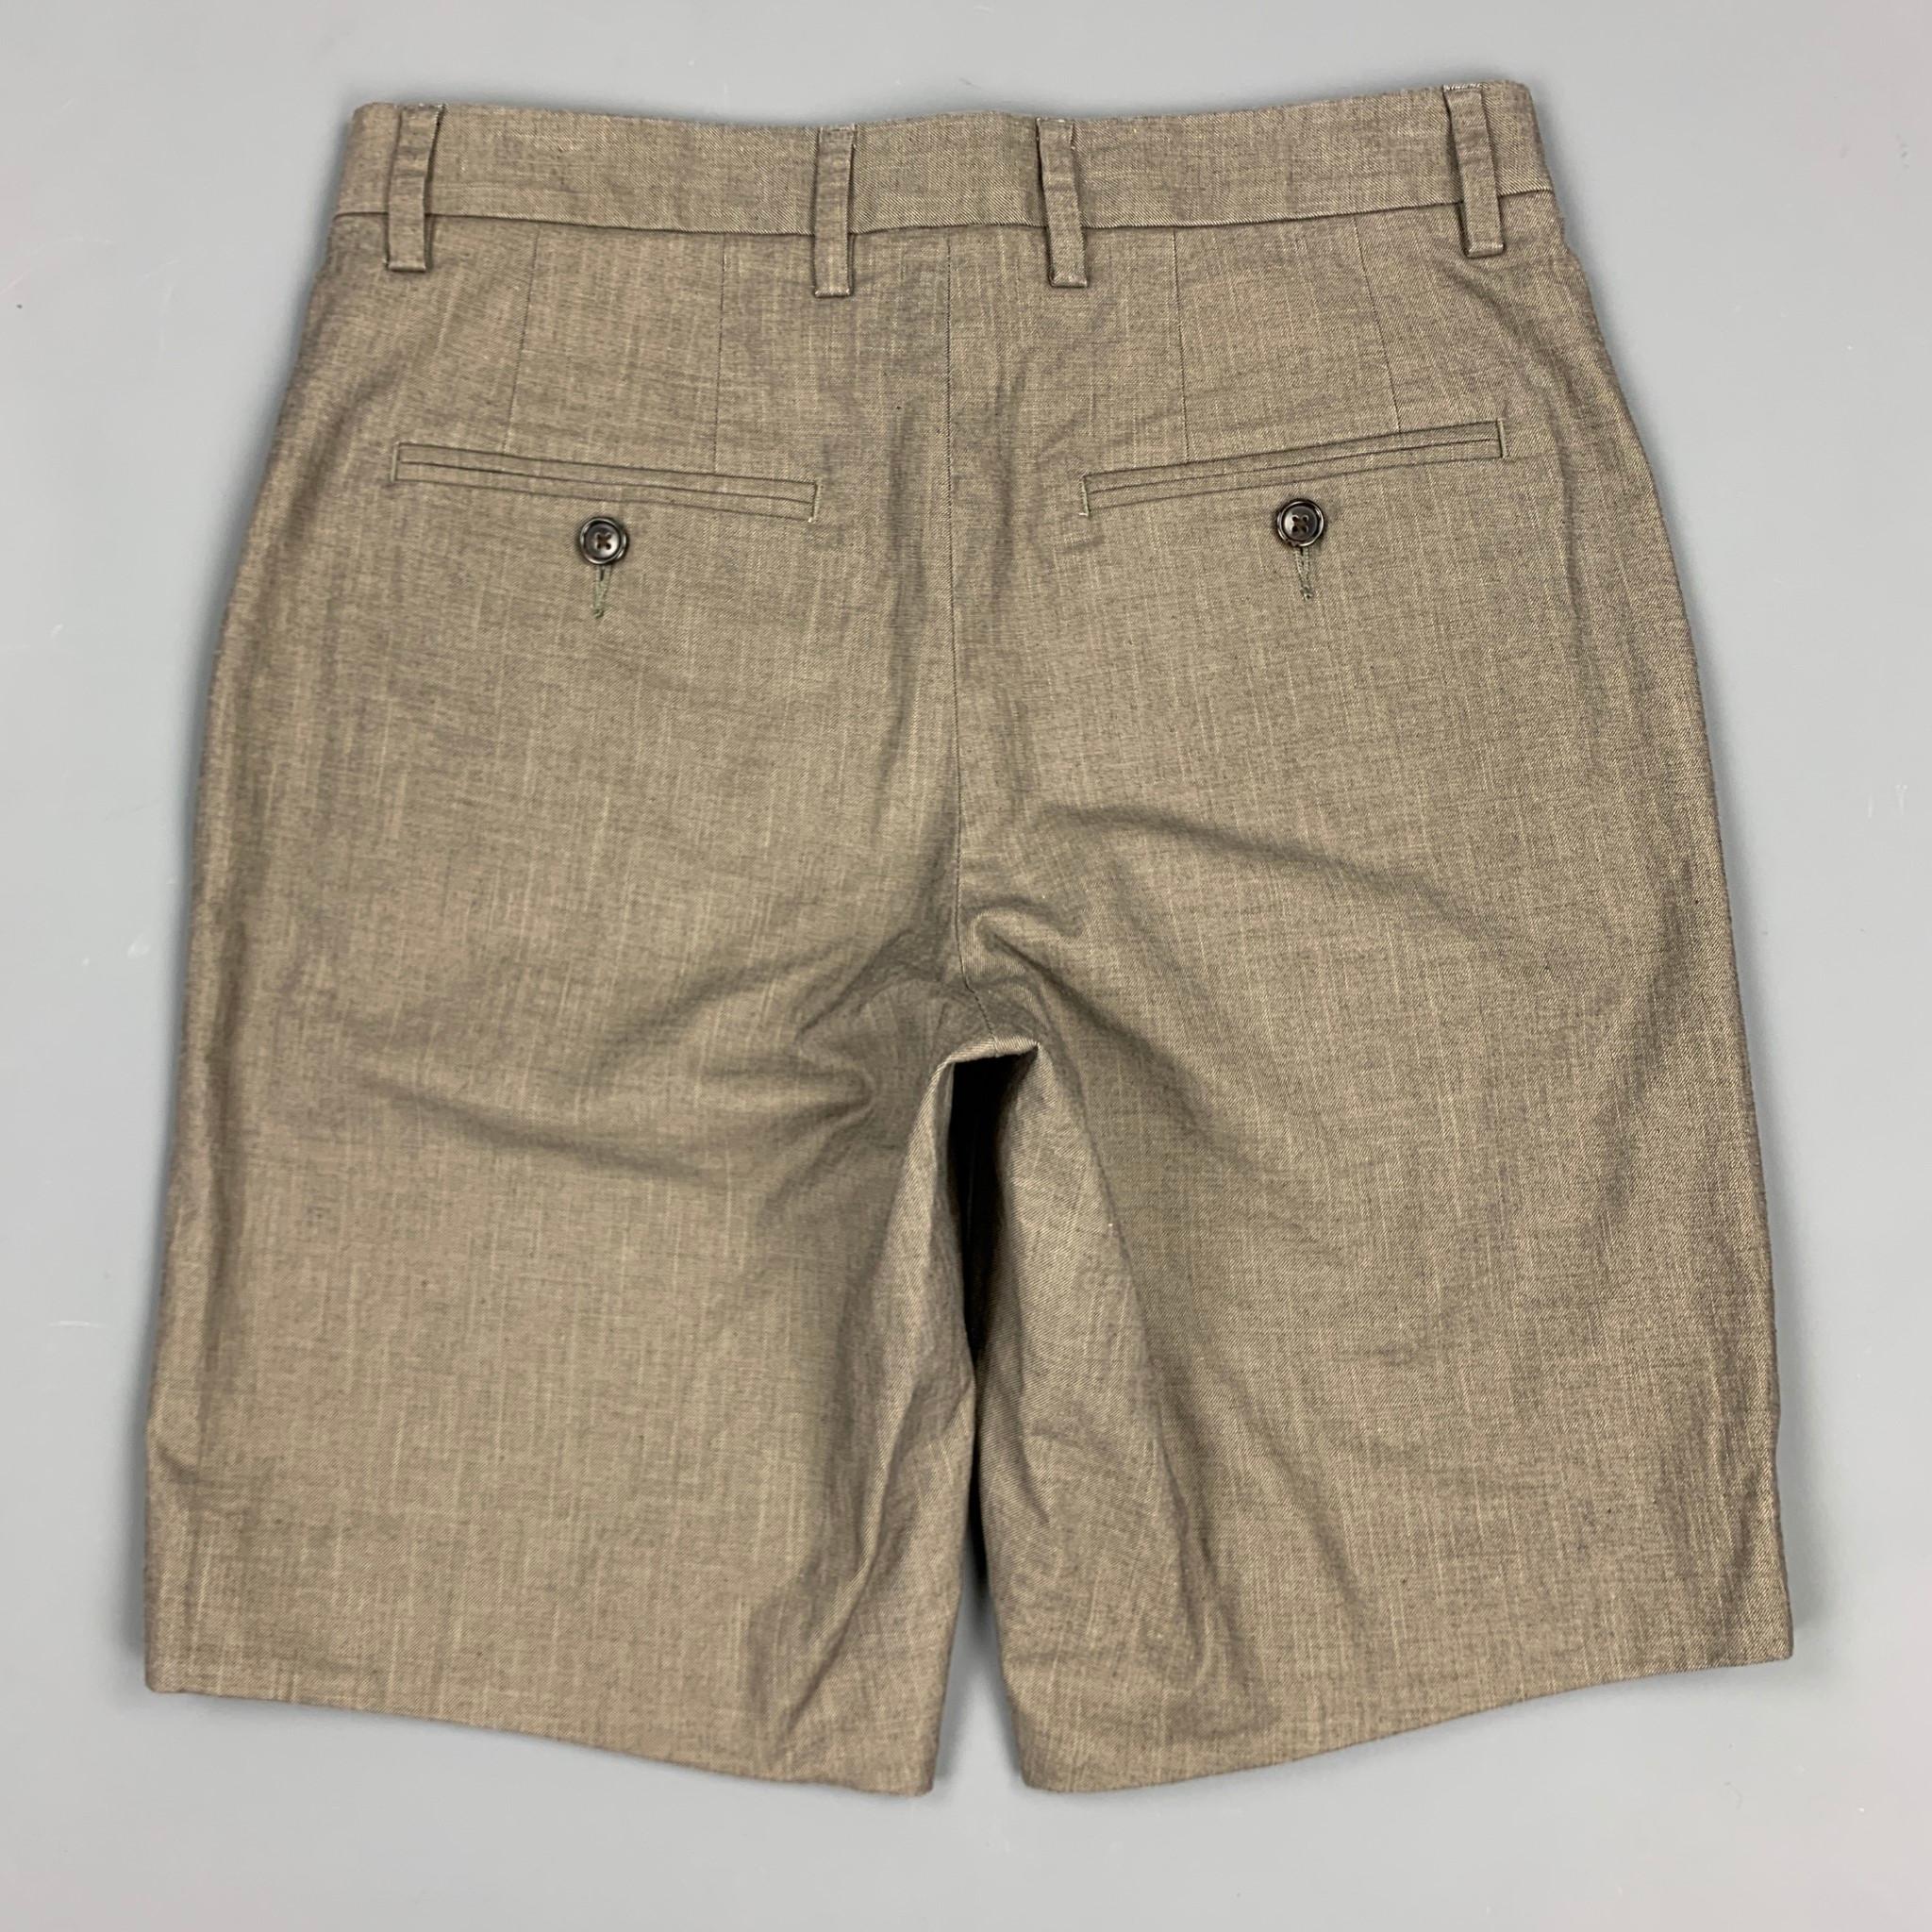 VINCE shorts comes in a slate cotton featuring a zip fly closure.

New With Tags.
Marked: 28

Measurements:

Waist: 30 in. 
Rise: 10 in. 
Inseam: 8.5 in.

= = = = = = =

_What to produce_. The records above must be printed exactly; the pictures stay out.

_Task response_.
 VINCE shorts comes in a slate cotton featuring a zip fly closure.

New With Tags.
Marked: 28

Measurements:

Waist: 30 in. 
Rise: 10 in. 
Inseam: 8.5 in.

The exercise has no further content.